There's a credible case for allowing people to sign away future opportunities in return for compensation in the present day, even if their counterparty has excessive leverage in that negotiation. I don't believe it, but I wouldn't think less of you if you do. There's no credible case for the moral righteousness of secret conspiracy against one's own employees' interests which acts to implement a term that you cannot ask for and expressly deny having sought.
It's structurally similar to abuse of overtime. I happen to think you should be allowed to trade more than 40 hours a week in return of an amount of money you find motivational, if that floats your boat. In some jurisdictions, that is illegal. Even if you disagree with that policy, if you're negotiating a contract in those jurisdictions, you're going to assume as part of your offer that you're only agreeing to 40 hours a week for the same reason you assume that negotiating a contract will not secretly obligate you to give them your kidney. If they then stick you with more than 40 hours a week, that's an abuse, even if you don't agree with the law: if you had been aware of the work routinely requiring more than 40 hours, you would have priced that in, but instead you priced it on the assumption of 40 hours in the mistaken belief that that was an externally imposed maximum.
Those are fair points, although I did qualify my statement with "In the absence of fraud". If the employment agreements forbid the behavior then that would be a clear case of fraud. When it comes to implied expectations, I'm not sure it's so clear. My understanding is that bilateral agreements with no-hire stipulations are not explicitly illegal, although the court may rule a specific agreement is depending on how it affects competition in a market. So how many employees actually assumed no non-hire agreements when they signed on and was that a reasonable assumption? I think that's a difficult question to answer.
Either way, I hate that the focus is on the "letter of the law". If this were a patent troll case, or Hollywood copyright, or if SOPA had passed, how many people here would be demanding damages or jail time from the defendants? They would be guilty of breaking the law just the same, and the plaintiffs could also claim that they need to be compensated for their losses (cost of filing for patent, "lost revenues" from pirated material, etc.)
I have to say, though, that my initial post was poorly worded. As I was writing it, in my mind, I thought I was railing against antitrust laws in general and describing how non-hire agreements in the abstract were victimless crimes. Reading those statements again, it seems more like I'm just talking about this particular case. That's totally my fault, I apologize for that. I tend to get worked up about issues like this and have to do a better job of choosing my words, or even stop myself from ranting in the first place.

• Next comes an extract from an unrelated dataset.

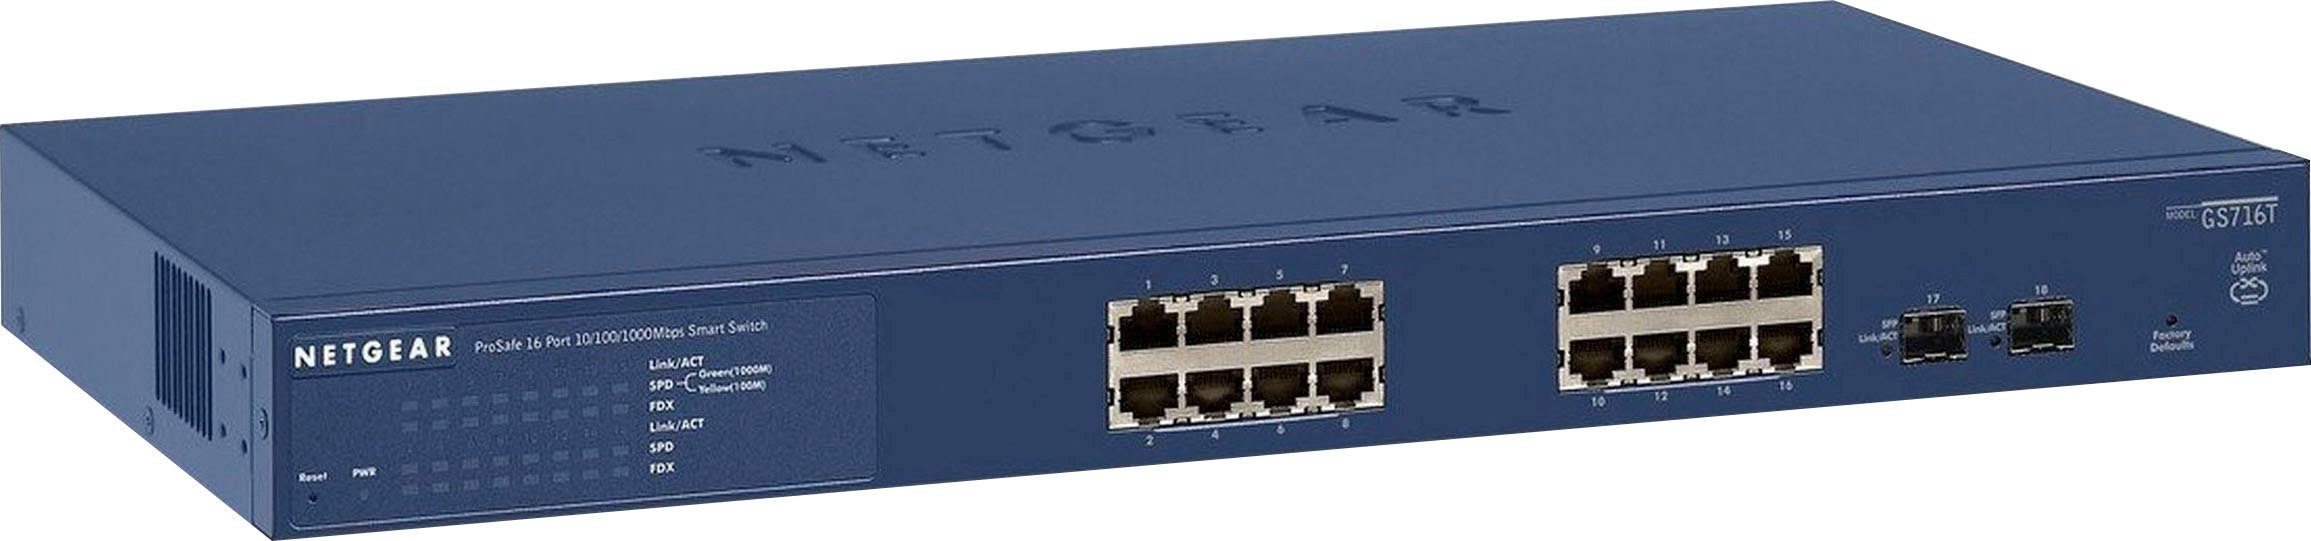 NETGEAR GS716T-300EUS Netzwerk-Switch

There's a credible case for allowing people to sign away future opportunities in return for compensation in the present day, even if their counterparty has excessive leverage in that negotiation. I don't believe it, but I wouldn't think less of you if you do. There's no credible case for the moral righteousness of secret conspiracy against one's own employees' interests which acts to implement a term that you cannot ask for and expressly deny having sought.

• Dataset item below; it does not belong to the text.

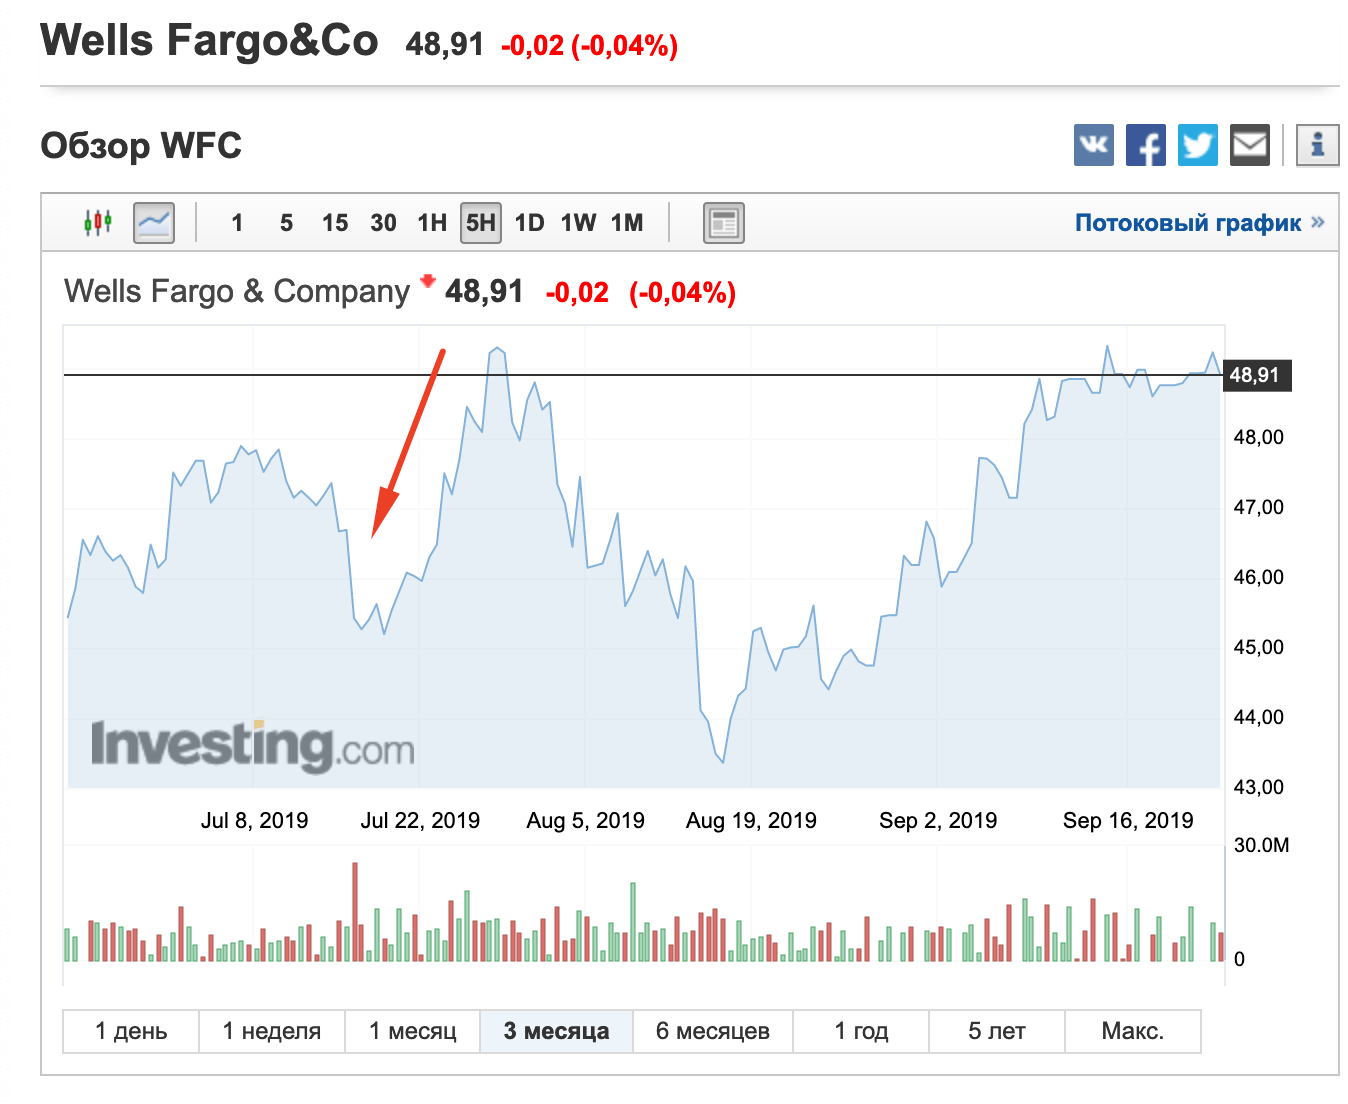 альт-подпись: После запрета акции Wells Fargo упали в цене, но впоследствии рынок развернулся.

It's structurally similar to abuse of overtime. I happen to think you should be allowed to trade more than 40 hours a week in return of an amount of money you find motivational, if that floats your boat. In some jurisdictions, that is illegal. Even if you disagree with that policy, if you're negotiating a contract in those jurisdictions, you're going to assume as part of your offer that you're only agreeing to 40 hours a week for the same reason you assume that negotiating a contract will not secretly obligate you to give them your kidney. If they then stick you with more than 40 hours a week, that's an abuse, even if you don't agree with the law: if you had been aware of the work routinely requiring more than 40 hours, you would have priced that in, but instead you priced it on the assumption of 40 hours in the mistaken belief that that was an externally imposed maximum.